Last Updated 01 September 2012, 13:08 IST

Now that the 10 best movies of all the voters in the Sight and Sound poll is out, it is looking much more instructive, fun, and revealing than the 50 best list.

In essence, the 10 best films of some 800-and-odd critics, directors, programmers and cinephiles round the world. As Iain Sinclair, one of the voters observed, “Every entry here has a subterranean, disregarded double. But that would be another game. Ten is too few, a couple short of a set of disciples.” Indeed, the 50 best list pales and shrinks in comparison; the 846 list is more like the movie list we want to see. Here you can discover the films they really put on top (over the final, winning top 10), their (and our) favourite films, the obscure titles even their colleagues did not know about (or didn’t care for), the favourites of cult critics such as Zizek, Armond White and Geoff Dyer, and what the top 10 films of directors like Adoor Gopalakrishnan, Scorsese, Coppola, Asghar Farhadi, Woody Allen and Tarantino look like.

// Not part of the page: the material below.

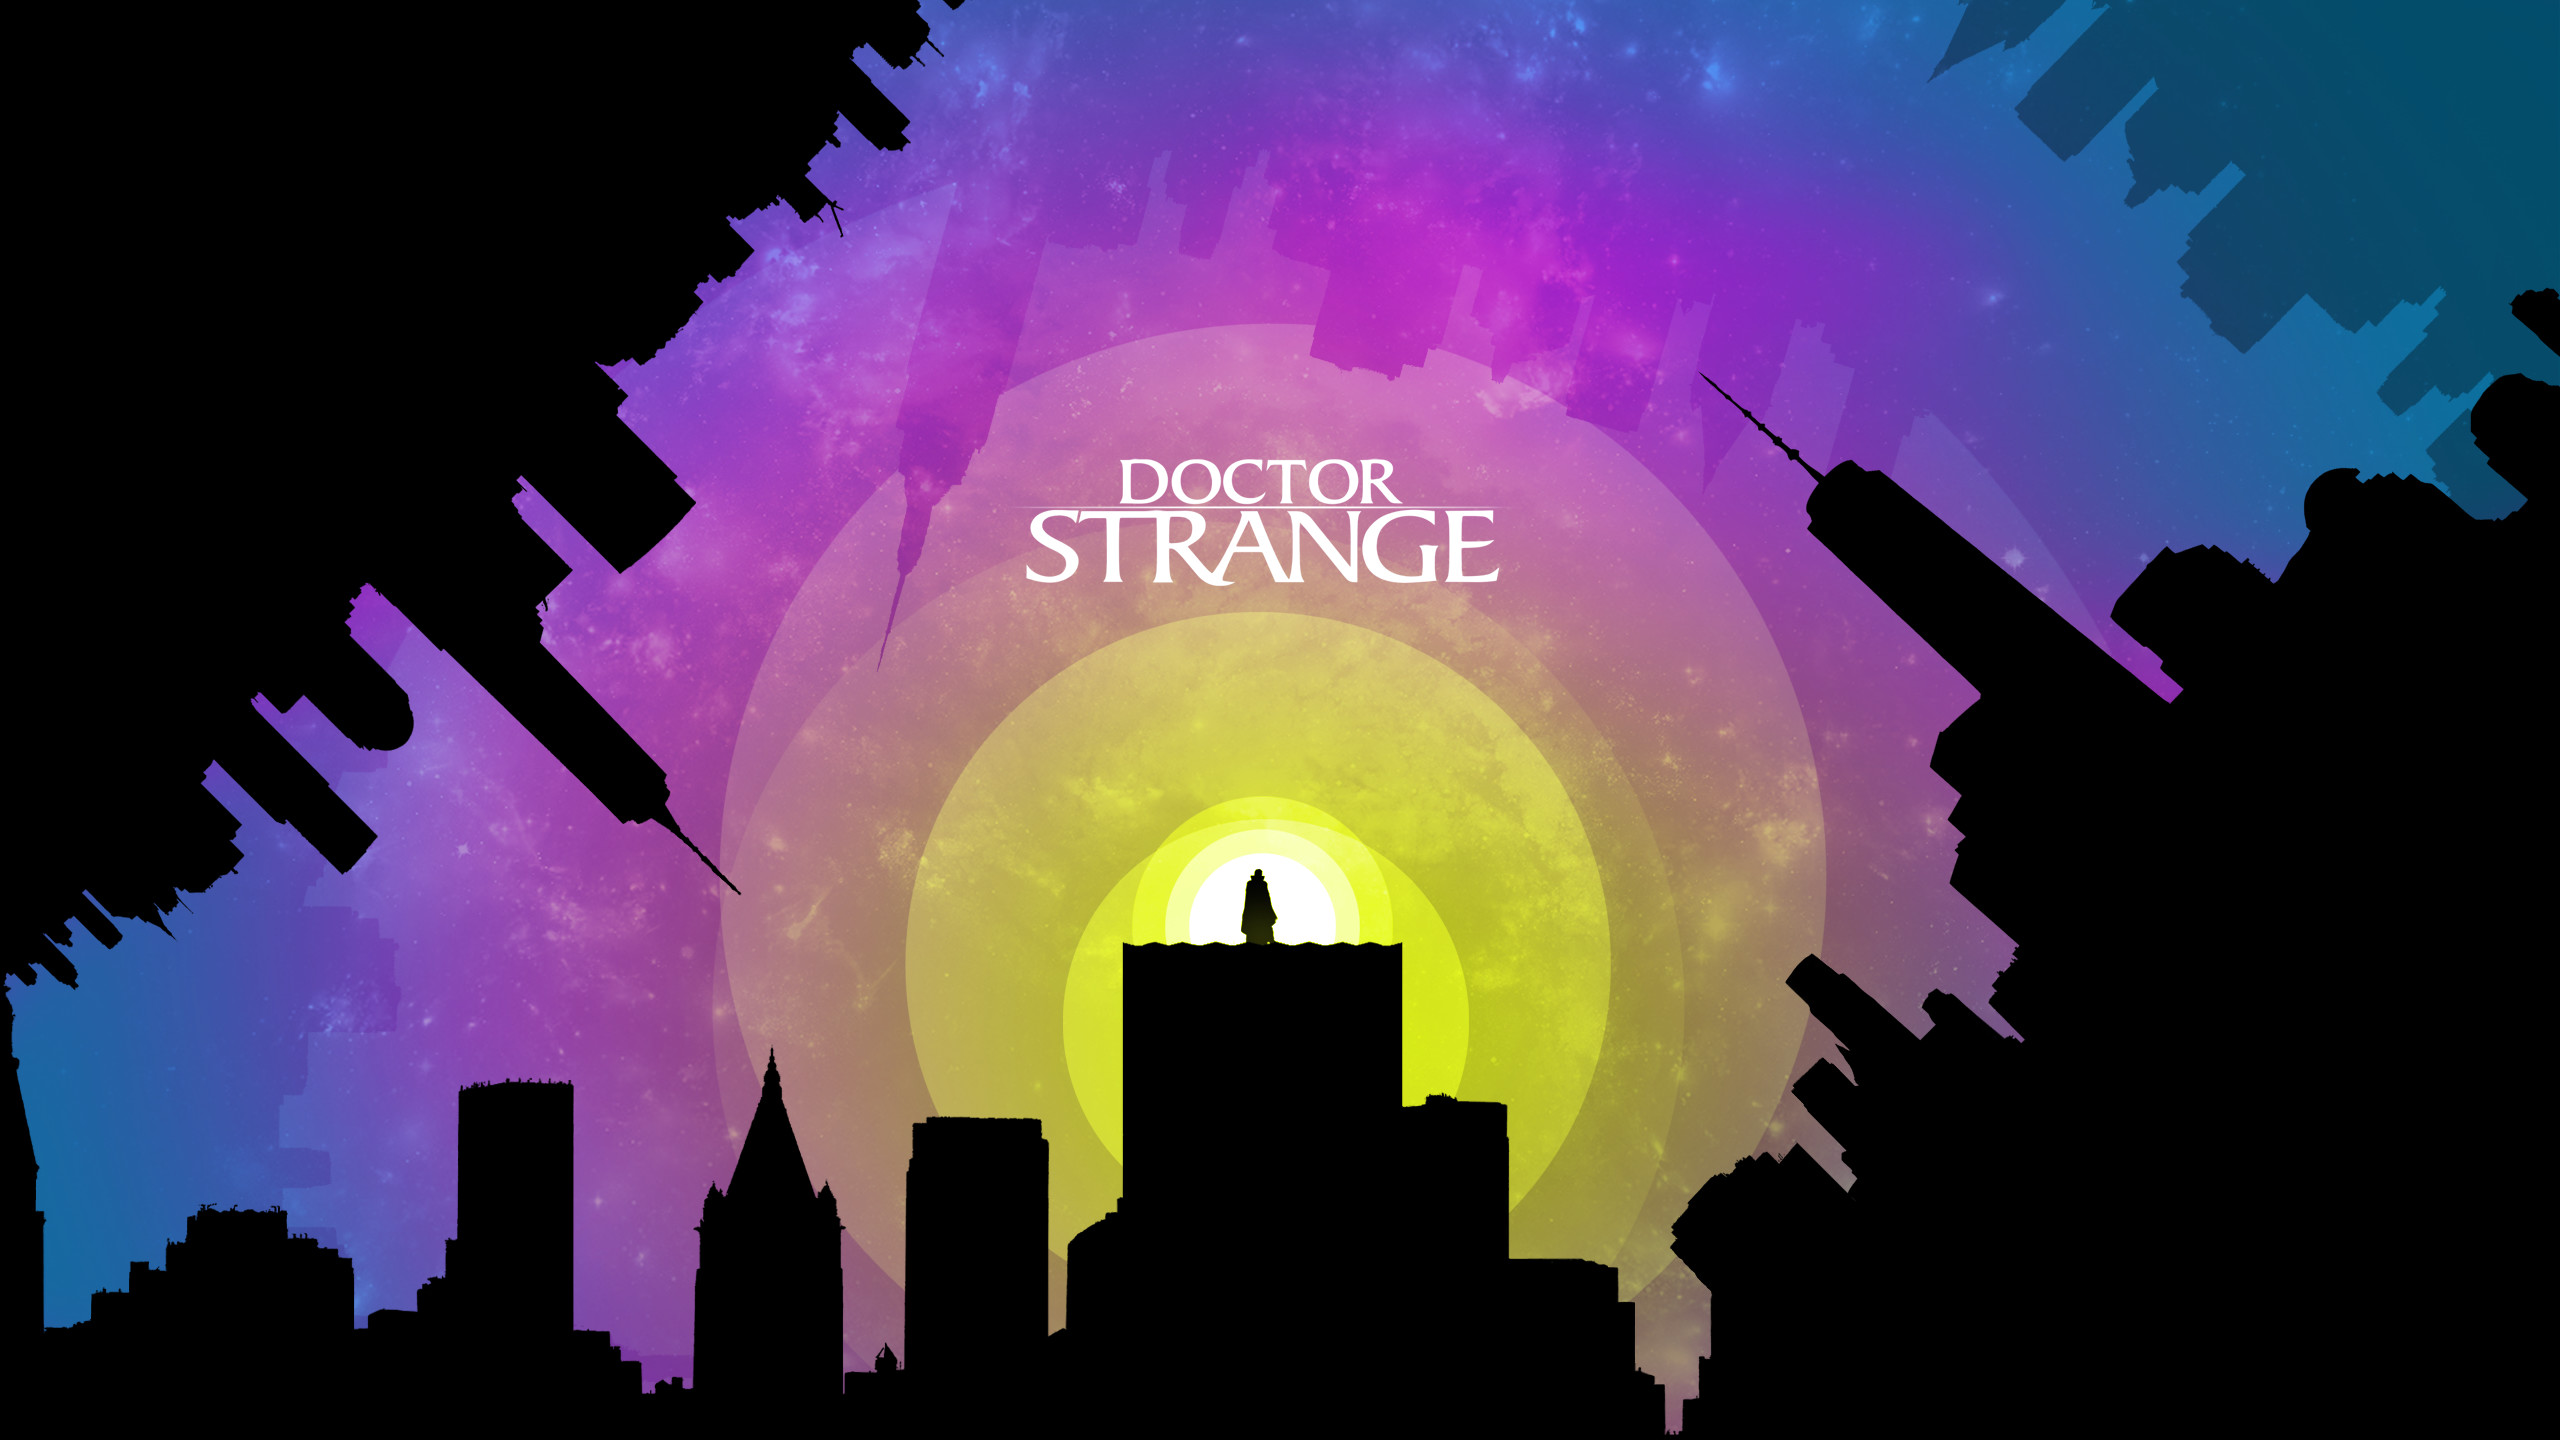 Life Is Strange - Doctor Strange Wallpaper For Pc , HD Wallpaper & Backgrounds

No surprises from Coppola, Scorsese and Adoor Gopalakrishnan (squarely classical choices) but plenty from Tarantino. Woody Allen’s list is the most boring and predictable — like those solemn film classics that some student coming fresh from a film appreciation course will put down. I just knew when I came to Tarantino’s list there would be films that only he would have voted for; every now and then in the entire list from the voters you come across a movie that only one person voted for, but Tarantino’s, I felt, would have several that no one else would care to or want to or dare to include in a decade poll of the greatest films of all time. Tarantino alone lists The Bad News Bears, The Great Escape and Rolling Thunder. I was nicely surprised to see him list (along with one other voter) William Friedkin’s Sorcerer, a thrilling remake most people have forgotten. I wish Tarantino had included a comment.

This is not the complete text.